Everyone of us has expectations plus a desire that expectations are met. When our expectations are met, or exceeded, our brain releases dopamine and we feel good about it. The problems arise, when our expectations are not met, dopamine levels fall and disappointment sets in.
Missed expectations are often the result of poor communication. If I do not tell you what I am thinking, how can I expect you to know? And yet, that is exactly what happens. People make assumptions about what they need to explain and what they can leave unsaid. This creates gaps in understanding, often leading to uncomfortable situations. Just because it is clear to me that I need an answer by the end of the day, does not mean that it is obvious to the person of whom I am asking the question.
It is that you have found yourself in both situations, even at the same time. Trying to communicate your expectations of others while managing the things that are expected of you.
HOW TO GET A SHARED FOCUS
HOW TO DEVELOP IT
When you are the one with the expectations
Articulate your expectations
Before the work begins, clearly explain what is needed, by when and what the quality standards are. Stay focused on the outcome and do not over-prescribe or micro-manage the process.
Have an open dialogue
Once you have articulated your expectations, check if the other person perceives the expectations as acceptable and realistic. Be open to feedback and be prepared to either adjust your expectations or your resources. Do not mistake silence for understanding.
Secure a commitment
Explicitly ask for a commitment, whether written or verbal. Without an outspoken commitment, your expectations will remain just yours. Do not assume that, just because you have explained your expectations and given people the chance to provide feedback, responsibility for meeting those expectations has transferred to them.
Manage changes
The best plans do not remain intact for long, so communicate early and often when things change, give people the opportunity to renegotiate their commitments and ask them to reaffirm those commitments.

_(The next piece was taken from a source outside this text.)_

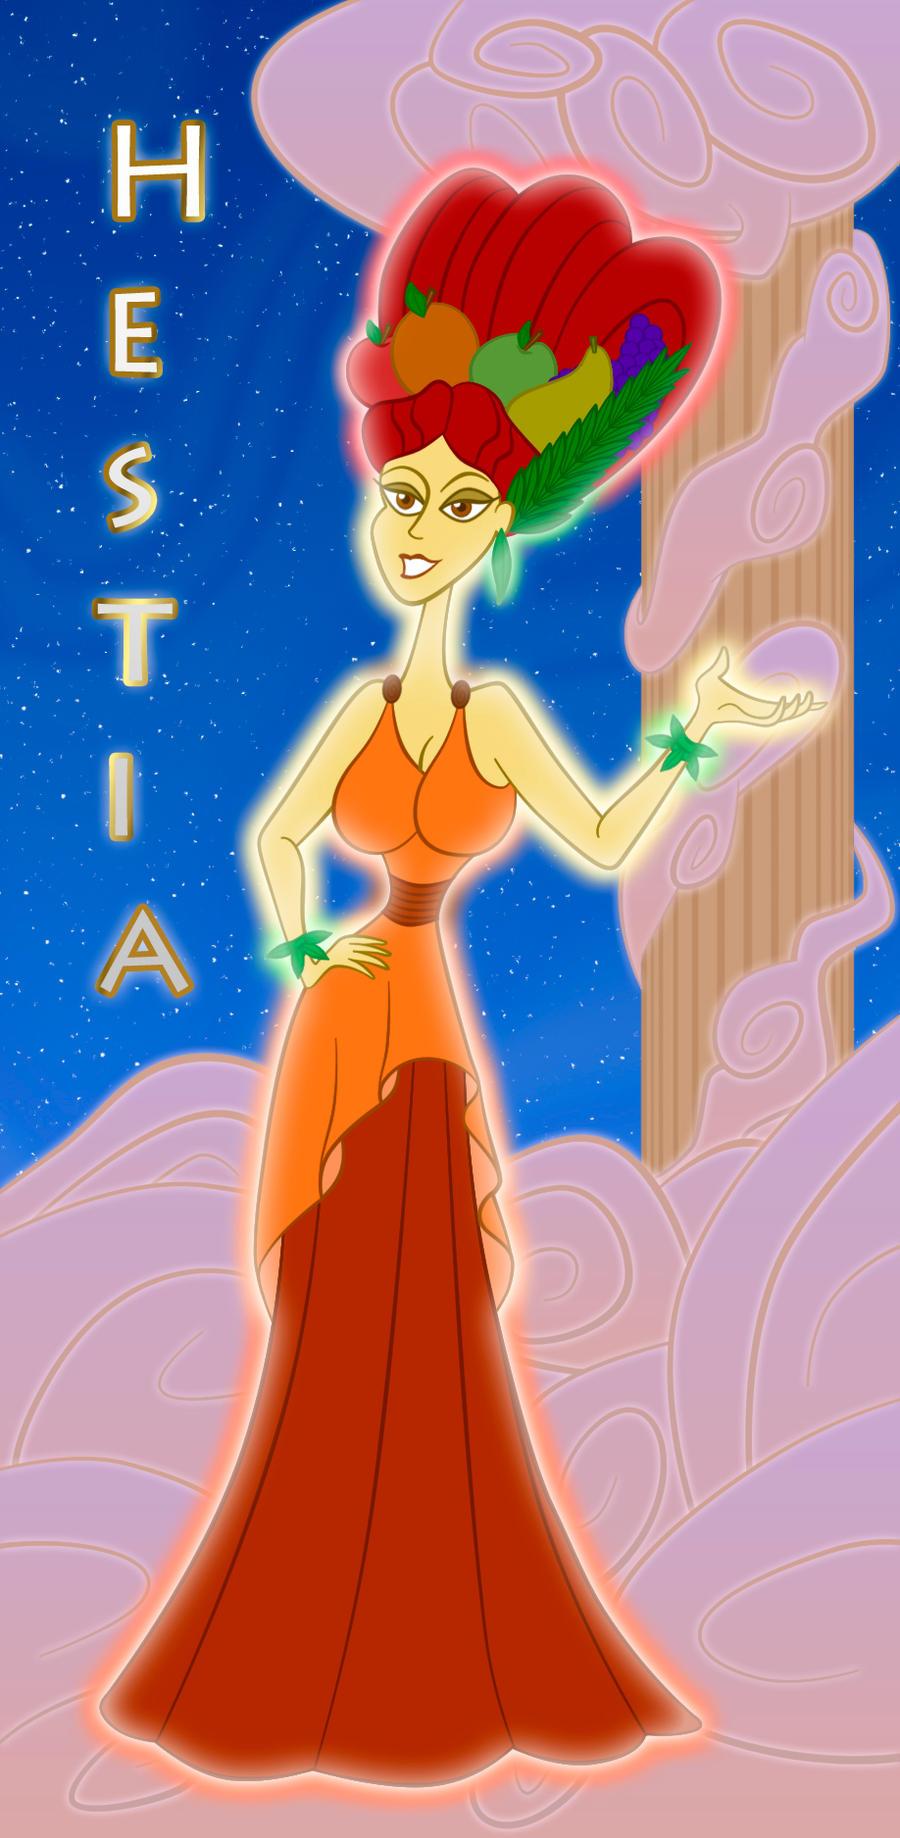 Hestia - Vesta by 666-...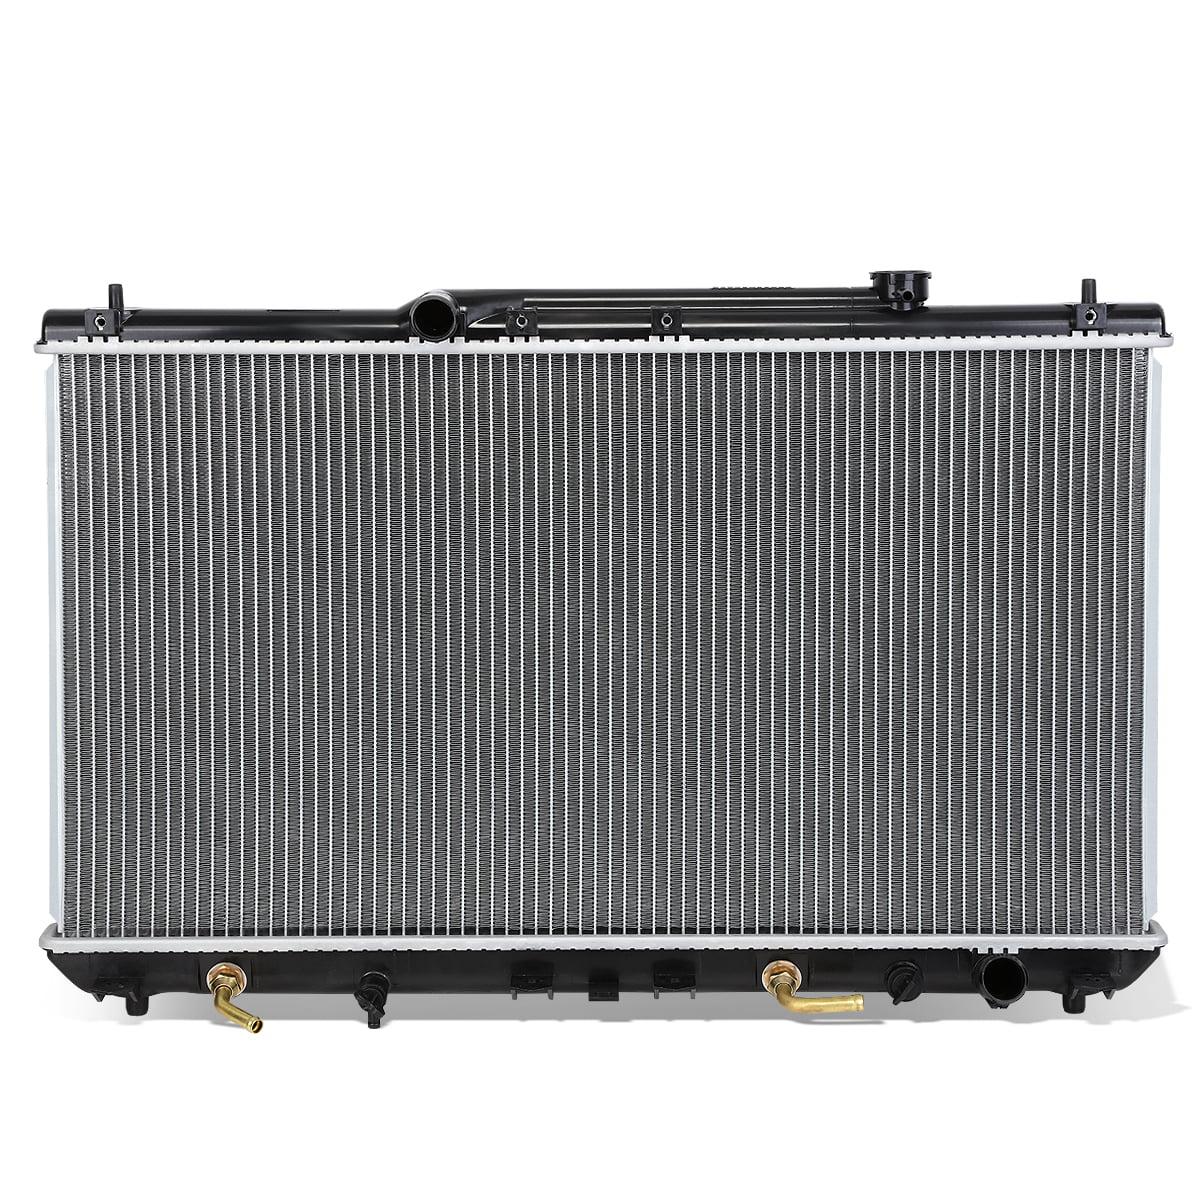 For 1997-2001 Camry/Solara 2.2L AT Performance OE Style Full Aluminum Core Radiator 1909

When you are the one from whom something is expected
Get the expectations on the table
Everyone has expectations, so make sure that you ask what they are, preferably in writing. Ask as many questions as you need, until you feel comfortable that you fully understand the expectations.
Negotiate
If you are about to commit yourself, you have a right to negotiate the terms - especially when you feel that you are not set up for success. Remain calm in the conversation, even if the expectations feel unreasonable and attempts to negotiate are not successful. Ask for the resources you need to be successful. Remain objective about the expectations and focus on a fact-based conversation that outlines a shared ownership of success.
Commit
Committing transfers power and ownership from the person making the request to the person delivering. It moves your self-talk from "they have expectations against which I will be judged for" to "I have made a commitment which I will hold myself accountable for." This mental shift is especially critical for when things go wrong, as you will feel more comfortable making decisions and reacting when you are empowered.
Never commit if you do not believe that you can deliver on your commitment. If you cannot commit fully and are stuck in negotiations, document the elements to which you are able to commit, the gaps and issues preventing you from committing fully and the risks to the outcome.
Manage against your commitment, not their expectations
As work proceeds, measure your progress against your commitments and communicate early and often if changing circumstances or shifting expectations will impact your ability to deliver. Ask to renegotiate your commitments if you are unable to adjust your resources sufficiently to address these changes. Staying focused on your commitments rather than on other people's expectations will keep you feeling empowered and in control of the results of your work and of your reputation.
Following these steps with your team, will help you move toward governing your relationships with commitments instead of expectations. You will discover when everyone is empowered to own their commitments, expectations will regularly be exceeded.